Who brings the gifts? A cautionary tale.
Can it be hard to tell a bearded old man and a baby apart? Can Santa Claus be confused with the Christ child? You wouldn't think so, but when cultures collide, kids can get mixed up.

In the early days of the European settlement of America, as today, many English-speaking children got their gifts from an imaginary St. Nicholas figure, the forerunner of our Santa Claus. Meanwhile, the German tradition was, and still is, that children were told that the Christ child brought their gifts on Christmas Eve.
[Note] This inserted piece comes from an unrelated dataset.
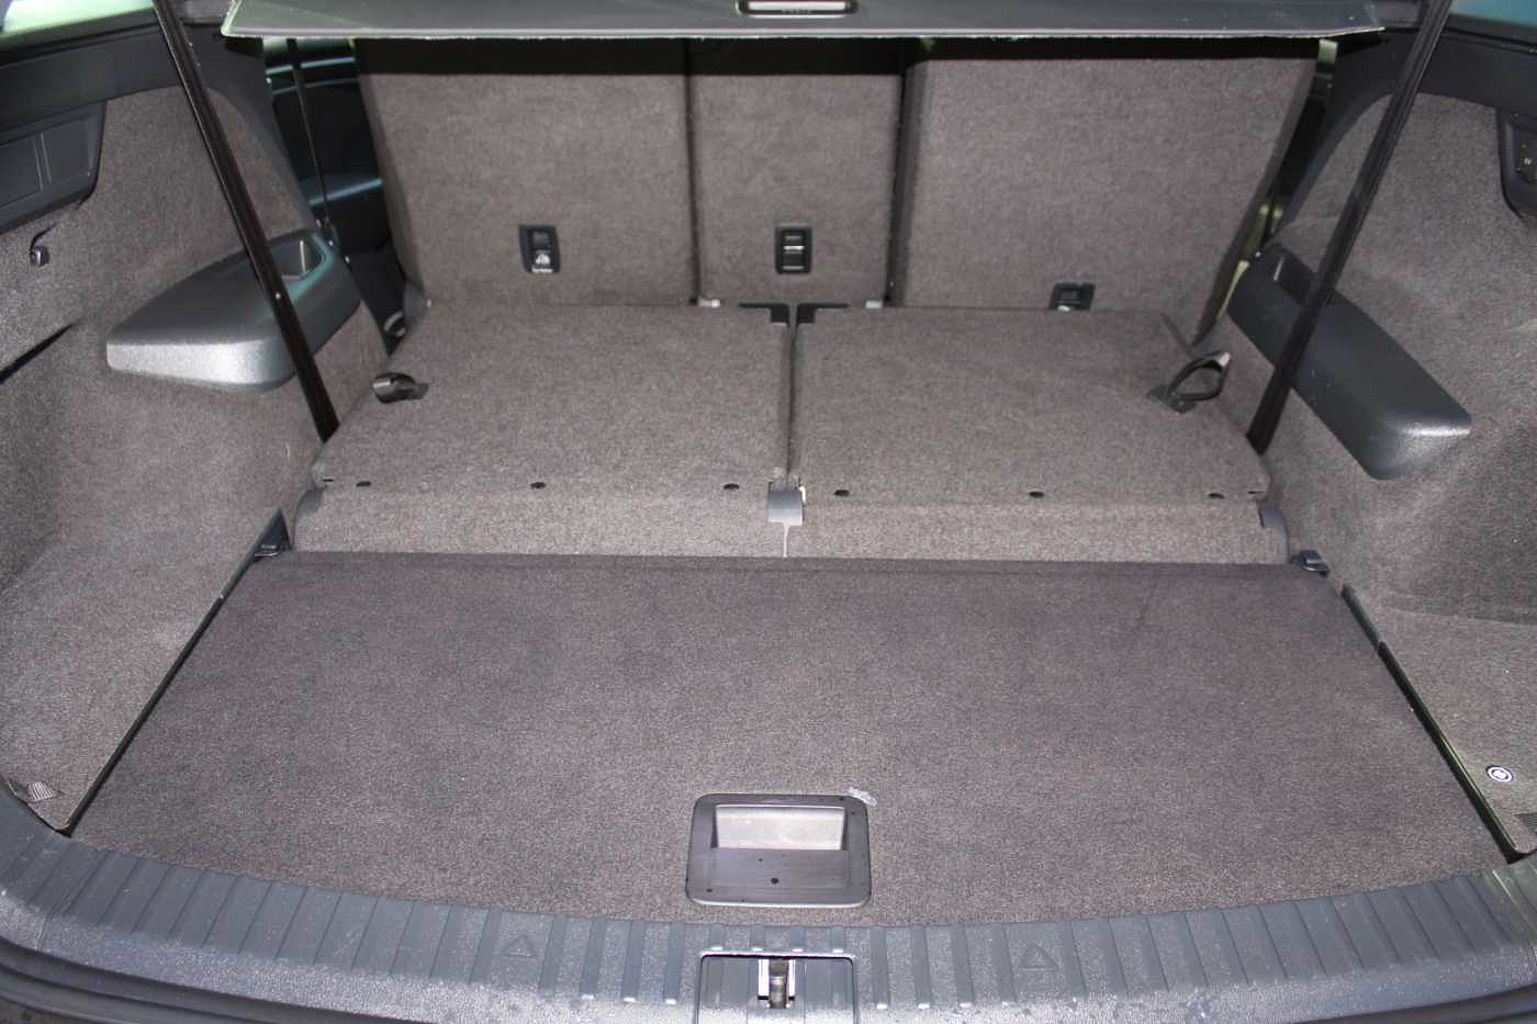 SKODA Kodiaq 2.0 TDI (150ps) SE Technology (7 Seats) Auto/DSG SUV

Kids got together and they talked. They all got Christmas presents, and the English-speaking kids said they got them from St. Nick, while the German kids thought theirs came from the baby Jesus, who was called the Christkindlein or Christkindl in their language. In A History of American English, the famous American linguist J.L. Dillard notes, "In America, the Germans brought in not only the Christmas tree but their name for the new-born Savior, Christkindlein or Christkind'l from which Americans made Kriss Kringle." And we all know that now Kris Kringle is another name for Santa Claus. After all, which figure would a child imagine was physically more capable of hauling a sack of presents? Thus, children must have assumed that their German playmates were just using a different name for St. Nicholas, and a German name for the child in the manger became corrupted into another moniker for Santa.

You'd imagine something like this could happen only once in history, but since the fall of communism, in Eastern Europe, many kids are confused again. Like the Germans, the Czechs, for example, have always told their children that their Christmas gifts come from the Christ child, who is called Jezisek in their language. (St. Nick comes on a different day in an old ritual meant to terrify kids into being good.) After the collapse of Marxism in that country, a flood of American TV shows moving east slammed into a torrent of Taiwanese toys coming west. Previously almost unheard of in that country, Santa Claus was suddenly everywhere.

Five years ago, when I went back on a visit to the town of Marianske Lazne, where I had lived for three years in the early 1990s, a little Czech girl I know, named Jana, had gotten a plastic statue of Santa Claus at Christmas. When showing it to me, she said, "In your language he's called Santa Claus, and in our language he's called Jezisek." I explained to her that the two were not the same, but she insisted they were. When I cheerfully told her that Santa Claus was an old man, and Jezisek (the Christ child) was a newborn baby, it was too much for Jana to take. Tears welling up in her eyes, she sobbed to her mother that I had said Jezisek was a baby.

Jana's mother was startled that her daughter seemed to know nothing of her own nation's Christmas traditions -- let alone the identity of Jesus -- and she quickly took the girl to church to view the crèche and hear the story.

As Christmas comes, make sure the children of your acquaintance know who is who.